Task requirements = Give again, exactly, every line of the entries below from the one that has "Edición 1810 by Rueda de Negocios - issuu" to the last.
..........
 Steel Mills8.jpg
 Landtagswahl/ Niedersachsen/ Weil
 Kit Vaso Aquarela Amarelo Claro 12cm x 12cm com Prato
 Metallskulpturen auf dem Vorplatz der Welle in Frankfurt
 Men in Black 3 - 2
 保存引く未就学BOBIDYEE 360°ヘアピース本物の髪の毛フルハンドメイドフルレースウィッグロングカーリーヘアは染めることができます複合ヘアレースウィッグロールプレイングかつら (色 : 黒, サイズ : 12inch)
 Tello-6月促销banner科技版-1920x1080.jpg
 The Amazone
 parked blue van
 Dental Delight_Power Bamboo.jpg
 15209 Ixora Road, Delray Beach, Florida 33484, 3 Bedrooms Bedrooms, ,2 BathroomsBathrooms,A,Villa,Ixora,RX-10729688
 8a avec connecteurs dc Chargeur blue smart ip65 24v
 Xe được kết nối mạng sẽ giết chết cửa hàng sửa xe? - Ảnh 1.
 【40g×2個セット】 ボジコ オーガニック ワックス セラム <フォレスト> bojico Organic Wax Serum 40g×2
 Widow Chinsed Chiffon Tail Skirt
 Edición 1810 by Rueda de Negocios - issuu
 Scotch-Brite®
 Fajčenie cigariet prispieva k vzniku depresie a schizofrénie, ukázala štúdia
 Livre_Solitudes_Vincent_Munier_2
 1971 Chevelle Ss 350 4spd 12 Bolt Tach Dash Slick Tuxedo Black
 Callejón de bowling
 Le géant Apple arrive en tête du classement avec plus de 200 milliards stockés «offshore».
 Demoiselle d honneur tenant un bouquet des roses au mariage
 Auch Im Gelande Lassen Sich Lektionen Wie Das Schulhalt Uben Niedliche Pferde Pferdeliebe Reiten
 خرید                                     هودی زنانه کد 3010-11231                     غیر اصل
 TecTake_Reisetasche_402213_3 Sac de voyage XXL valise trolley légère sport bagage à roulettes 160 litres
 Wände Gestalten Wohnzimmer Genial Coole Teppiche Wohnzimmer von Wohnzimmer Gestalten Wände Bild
..........
Answer to this exercise =
 Edición 1810 by Rueda de Negocios - issuu
 Scotch-Brite®
 Fajčenie cigariet prispieva k vzniku depresie a schizofrénie, ukázala štúdia
 Livre_Solitudes_Vincent_Munier_2
 1971 Chevelle Ss 350 4spd 12 Bolt Tach Dash Slick Tuxedo Black
 Callejón de bowling
 Le géant Apple arrive en tête du classement avec plus de 200 milliards stockés «offshore».
 Demoiselle d honneur tenant un bouquet des roses au mariage
 Auch Im Gelande Lassen Sich Lektionen Wie Das Schulhalt Uben Niedliche Pferde Pferdeliebe Reiten
 خرید                                     هودی زنانه کد 3010-11231                     غیر اصل
 TecTake_Reisetasche_402213_3 Sac de voyage XXL valise trolley légère sport bagage à roulettes 160 litres
 Wände Gestalten Wohnzimmer Genial Coole Teppiche Wohnzimmer von Wohnzimmer Gestalten Wände Bild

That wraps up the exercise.